= Dataset excerpts =
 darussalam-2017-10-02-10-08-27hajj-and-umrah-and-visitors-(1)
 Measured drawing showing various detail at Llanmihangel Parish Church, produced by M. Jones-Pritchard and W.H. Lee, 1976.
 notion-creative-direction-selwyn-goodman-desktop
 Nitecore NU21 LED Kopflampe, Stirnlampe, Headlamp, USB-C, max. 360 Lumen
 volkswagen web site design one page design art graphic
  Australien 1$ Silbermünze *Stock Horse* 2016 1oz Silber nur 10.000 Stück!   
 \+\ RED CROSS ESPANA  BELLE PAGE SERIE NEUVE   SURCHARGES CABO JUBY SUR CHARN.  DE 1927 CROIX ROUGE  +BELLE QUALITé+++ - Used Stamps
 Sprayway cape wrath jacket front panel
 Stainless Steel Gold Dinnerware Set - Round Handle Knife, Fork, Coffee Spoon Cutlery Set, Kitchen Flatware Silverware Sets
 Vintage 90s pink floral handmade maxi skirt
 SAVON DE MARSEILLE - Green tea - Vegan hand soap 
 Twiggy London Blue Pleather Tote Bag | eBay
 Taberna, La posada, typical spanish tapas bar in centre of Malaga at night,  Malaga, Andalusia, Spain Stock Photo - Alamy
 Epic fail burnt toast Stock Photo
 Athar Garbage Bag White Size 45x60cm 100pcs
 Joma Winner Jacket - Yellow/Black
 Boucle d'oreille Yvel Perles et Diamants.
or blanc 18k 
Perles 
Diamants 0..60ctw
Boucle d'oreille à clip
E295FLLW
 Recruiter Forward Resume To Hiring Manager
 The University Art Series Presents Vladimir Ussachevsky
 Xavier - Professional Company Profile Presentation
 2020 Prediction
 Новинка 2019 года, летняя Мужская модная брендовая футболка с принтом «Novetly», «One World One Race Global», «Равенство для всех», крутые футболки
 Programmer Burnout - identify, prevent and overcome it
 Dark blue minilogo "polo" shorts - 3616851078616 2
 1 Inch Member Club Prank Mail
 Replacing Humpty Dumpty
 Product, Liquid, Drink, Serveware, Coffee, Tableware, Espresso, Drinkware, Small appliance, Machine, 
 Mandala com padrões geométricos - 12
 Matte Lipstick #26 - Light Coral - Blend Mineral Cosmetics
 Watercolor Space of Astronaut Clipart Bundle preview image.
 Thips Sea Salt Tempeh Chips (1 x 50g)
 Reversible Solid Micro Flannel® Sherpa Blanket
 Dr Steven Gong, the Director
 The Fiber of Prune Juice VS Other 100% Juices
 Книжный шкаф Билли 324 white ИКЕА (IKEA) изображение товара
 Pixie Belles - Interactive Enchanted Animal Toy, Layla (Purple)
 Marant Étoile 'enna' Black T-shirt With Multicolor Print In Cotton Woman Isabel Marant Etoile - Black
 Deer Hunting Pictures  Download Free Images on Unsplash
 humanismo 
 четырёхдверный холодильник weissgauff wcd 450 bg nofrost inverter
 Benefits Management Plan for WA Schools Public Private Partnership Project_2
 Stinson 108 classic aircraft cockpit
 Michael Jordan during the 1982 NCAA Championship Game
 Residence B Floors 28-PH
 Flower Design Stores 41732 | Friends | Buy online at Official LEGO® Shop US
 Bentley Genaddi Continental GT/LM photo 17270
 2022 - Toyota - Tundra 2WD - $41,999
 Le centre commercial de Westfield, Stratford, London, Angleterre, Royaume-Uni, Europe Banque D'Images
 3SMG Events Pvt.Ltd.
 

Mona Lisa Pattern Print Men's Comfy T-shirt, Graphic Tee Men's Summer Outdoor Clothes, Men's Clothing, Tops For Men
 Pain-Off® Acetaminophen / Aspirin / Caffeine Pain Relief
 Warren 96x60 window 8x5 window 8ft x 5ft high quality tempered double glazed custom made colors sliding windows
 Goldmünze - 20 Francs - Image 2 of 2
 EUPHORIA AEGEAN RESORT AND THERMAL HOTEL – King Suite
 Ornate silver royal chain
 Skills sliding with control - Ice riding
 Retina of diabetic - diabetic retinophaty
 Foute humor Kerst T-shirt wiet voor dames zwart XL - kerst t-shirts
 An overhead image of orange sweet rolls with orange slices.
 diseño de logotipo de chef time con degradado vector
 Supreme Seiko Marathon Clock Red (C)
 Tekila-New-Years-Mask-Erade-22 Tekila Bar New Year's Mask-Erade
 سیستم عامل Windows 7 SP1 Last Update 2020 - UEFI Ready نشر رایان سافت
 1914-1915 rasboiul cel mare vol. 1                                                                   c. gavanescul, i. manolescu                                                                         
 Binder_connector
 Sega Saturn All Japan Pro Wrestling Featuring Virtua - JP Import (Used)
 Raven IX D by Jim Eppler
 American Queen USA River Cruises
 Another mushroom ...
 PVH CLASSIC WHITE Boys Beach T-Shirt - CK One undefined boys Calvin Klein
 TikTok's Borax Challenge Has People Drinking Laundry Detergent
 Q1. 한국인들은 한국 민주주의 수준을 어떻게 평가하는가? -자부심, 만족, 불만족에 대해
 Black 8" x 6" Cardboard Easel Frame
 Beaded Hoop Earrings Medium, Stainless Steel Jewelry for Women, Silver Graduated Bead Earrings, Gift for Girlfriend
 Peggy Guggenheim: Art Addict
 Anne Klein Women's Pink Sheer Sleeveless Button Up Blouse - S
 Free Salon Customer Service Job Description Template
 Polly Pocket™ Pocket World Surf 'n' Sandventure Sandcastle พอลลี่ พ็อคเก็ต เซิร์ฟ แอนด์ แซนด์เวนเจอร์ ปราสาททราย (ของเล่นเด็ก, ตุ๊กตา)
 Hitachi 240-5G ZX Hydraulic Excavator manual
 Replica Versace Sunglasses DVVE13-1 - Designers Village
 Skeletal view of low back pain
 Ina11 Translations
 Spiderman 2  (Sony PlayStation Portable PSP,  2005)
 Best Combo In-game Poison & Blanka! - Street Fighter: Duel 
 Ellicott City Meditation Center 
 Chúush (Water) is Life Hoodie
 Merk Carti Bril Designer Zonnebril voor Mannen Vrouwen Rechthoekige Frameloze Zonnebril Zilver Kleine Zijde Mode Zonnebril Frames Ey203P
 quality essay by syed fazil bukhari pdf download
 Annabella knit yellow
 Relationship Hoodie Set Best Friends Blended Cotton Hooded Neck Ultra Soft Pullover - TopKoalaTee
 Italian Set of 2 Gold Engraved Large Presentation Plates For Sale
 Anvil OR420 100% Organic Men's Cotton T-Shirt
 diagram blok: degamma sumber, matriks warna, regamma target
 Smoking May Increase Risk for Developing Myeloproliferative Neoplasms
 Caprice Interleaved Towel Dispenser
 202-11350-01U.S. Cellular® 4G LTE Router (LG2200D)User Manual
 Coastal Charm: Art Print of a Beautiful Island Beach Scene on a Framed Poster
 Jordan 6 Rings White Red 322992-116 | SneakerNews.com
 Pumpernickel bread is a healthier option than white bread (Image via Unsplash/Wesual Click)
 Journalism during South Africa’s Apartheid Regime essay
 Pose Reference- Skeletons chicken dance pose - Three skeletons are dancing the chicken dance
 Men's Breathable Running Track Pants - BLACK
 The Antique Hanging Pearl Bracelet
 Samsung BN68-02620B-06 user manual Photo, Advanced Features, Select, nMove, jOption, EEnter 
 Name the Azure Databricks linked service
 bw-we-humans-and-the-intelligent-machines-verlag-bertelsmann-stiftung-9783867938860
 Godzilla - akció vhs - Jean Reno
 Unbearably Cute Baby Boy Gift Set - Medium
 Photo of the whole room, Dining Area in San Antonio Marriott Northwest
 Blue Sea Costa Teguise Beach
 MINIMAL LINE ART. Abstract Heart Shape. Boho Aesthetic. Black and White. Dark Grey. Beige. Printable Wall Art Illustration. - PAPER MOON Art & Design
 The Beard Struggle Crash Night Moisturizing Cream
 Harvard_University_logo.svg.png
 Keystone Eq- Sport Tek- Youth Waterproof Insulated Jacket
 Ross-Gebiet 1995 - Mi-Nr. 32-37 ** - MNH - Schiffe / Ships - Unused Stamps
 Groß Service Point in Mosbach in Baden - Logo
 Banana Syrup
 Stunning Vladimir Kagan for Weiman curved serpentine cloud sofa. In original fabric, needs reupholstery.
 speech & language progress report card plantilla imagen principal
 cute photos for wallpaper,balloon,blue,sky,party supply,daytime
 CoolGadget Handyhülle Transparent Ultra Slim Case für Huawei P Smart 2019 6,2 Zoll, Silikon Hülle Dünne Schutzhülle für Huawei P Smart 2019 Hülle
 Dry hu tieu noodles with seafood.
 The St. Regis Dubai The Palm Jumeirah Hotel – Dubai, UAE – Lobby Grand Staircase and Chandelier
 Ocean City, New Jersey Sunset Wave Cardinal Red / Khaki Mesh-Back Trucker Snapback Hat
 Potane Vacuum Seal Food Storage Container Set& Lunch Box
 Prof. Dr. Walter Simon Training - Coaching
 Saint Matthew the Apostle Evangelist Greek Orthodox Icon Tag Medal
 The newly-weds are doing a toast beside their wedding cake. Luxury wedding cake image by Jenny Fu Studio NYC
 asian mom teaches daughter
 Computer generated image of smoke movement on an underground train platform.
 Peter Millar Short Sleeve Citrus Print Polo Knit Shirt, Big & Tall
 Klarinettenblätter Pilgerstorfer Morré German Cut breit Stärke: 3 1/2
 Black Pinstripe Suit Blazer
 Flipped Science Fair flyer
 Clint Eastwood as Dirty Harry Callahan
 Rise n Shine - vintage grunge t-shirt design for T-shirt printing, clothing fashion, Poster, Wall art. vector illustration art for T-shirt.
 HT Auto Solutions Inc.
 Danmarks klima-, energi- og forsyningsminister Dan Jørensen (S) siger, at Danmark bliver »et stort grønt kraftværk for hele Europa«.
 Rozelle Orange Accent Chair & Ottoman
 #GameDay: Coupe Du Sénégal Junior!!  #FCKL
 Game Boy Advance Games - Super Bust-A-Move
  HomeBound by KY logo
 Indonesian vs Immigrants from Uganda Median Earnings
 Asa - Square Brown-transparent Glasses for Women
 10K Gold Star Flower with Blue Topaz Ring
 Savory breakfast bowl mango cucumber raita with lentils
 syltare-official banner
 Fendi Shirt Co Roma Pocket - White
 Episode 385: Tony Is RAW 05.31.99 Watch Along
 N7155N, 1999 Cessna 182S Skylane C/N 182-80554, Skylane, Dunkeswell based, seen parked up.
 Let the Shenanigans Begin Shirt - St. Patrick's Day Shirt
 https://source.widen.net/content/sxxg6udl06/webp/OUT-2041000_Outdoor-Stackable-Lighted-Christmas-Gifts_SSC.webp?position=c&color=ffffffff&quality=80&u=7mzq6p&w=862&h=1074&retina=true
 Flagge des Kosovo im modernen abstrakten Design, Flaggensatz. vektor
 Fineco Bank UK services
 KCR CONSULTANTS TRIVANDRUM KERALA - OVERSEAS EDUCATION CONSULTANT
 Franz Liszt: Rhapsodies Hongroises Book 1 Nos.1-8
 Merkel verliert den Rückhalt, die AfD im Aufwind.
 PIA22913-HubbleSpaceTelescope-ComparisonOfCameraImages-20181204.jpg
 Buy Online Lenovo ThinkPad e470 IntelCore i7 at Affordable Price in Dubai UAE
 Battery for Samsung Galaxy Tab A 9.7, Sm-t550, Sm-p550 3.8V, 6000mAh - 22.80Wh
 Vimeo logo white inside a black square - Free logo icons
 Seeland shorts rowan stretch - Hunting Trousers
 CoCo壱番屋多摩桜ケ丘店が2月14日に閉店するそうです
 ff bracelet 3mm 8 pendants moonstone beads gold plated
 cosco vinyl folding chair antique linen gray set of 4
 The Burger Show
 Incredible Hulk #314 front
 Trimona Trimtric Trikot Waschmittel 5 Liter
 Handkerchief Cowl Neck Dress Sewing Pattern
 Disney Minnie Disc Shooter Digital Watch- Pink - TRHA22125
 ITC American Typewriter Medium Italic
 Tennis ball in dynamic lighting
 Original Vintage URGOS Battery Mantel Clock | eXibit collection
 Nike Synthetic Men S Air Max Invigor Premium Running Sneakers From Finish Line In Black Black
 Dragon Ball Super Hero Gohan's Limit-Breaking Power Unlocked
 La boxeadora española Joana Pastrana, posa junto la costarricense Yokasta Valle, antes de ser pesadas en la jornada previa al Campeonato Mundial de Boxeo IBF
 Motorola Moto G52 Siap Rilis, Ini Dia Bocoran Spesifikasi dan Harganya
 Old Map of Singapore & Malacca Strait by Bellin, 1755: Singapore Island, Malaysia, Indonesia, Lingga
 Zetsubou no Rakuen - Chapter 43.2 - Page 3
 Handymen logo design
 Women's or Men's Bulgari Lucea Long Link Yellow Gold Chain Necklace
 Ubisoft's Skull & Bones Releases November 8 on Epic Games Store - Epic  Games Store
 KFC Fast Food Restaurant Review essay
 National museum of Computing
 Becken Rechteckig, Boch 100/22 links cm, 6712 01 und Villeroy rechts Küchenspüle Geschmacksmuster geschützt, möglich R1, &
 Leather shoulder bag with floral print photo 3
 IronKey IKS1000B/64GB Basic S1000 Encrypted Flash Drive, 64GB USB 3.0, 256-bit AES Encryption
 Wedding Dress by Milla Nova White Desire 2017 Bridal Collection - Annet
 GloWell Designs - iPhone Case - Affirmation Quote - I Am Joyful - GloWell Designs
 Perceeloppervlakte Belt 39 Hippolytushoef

= TASK DETAILS =
Word for word, restate the lines above from the line containing "Annabella knit yellow" through the line containing "Banana Syrup", with both included and nothing else.

= ANSWER TO THE EXERCISE =
 Annabella knit yellow
 Relationship Hoodie Set Best Friends Blended Cotton Hooded Neck Ultra Soft Pullover - TopKoalaTee
 Italian Set of 2 Gold Engraved Large Presentation Plates For Sale
 Anvil OR420 100% Organic Men's Cotton T-Shirt
 diagram blok: degamma sumber, matriks warna, regamma target
 Smoking May Increase Risk for Developing Myeloproliferative Neoplasms
 Caprice Interleaved Towel Dispenser
 202-11350-01U.S. Cellular® 4G LTE Router (LG2200D)User Manual
 Coastal Charm: Art Print of a Beautiful Island Beach Scene on a Framed Poster
 Jordan 6 Rings White Red 322992-116 | SneakerNews.com
 Pumpernickel bread is a healthier option than white bread (Image via Unsplash/Wesual Click)
 Journalism during South Africa’s Apartheid Regime essay
 Pose Reference- Skeletons chicken dance pose - Three skeletons are dancing the chicken dance
 Men's Breathable Running Track Pants - BLACK
 The Antique Hanging Pearl Bracelet
 Samsung BN68-02620B-06 user manual Photo, Advanced Features, Select, nMove, jOption, EEnter 
 Name the Azure Databricks linked service
 bw-we-humans-and-the-intelligent-machines-verlag-bertelsmann-stiftung-9783867938860
 Godzilla - akció vhs - Jean Reno
 Unbearably Cute Baby Boy Gift Set - Medium
 Photo of the whole room, Dining Area in San Antonio Marriott Northwest
 Blue Sea Costa Teguise Beach
 MINIMAL LINE ART. Abstract Heart Shape. Boho Aesthetic. Black and White. Dark Grey. Beige. Printable Wall Art Illustration. - PAPER MOON Art & Design
 The Beard Struggle Crash Night Moisturizing Cream
 Harvard_University_logo.svg.png
 Keystone Eq- Sport Tek- Youth Waterproof Insulated Jacket
 Ross-Gebiet 1995 - Mi-Nr. 32-37 ** - MNH - Schiffe / Ships - Unused Stamps
 Groß Service Point in Mosbach in Baden - Logo
 Banana Syrup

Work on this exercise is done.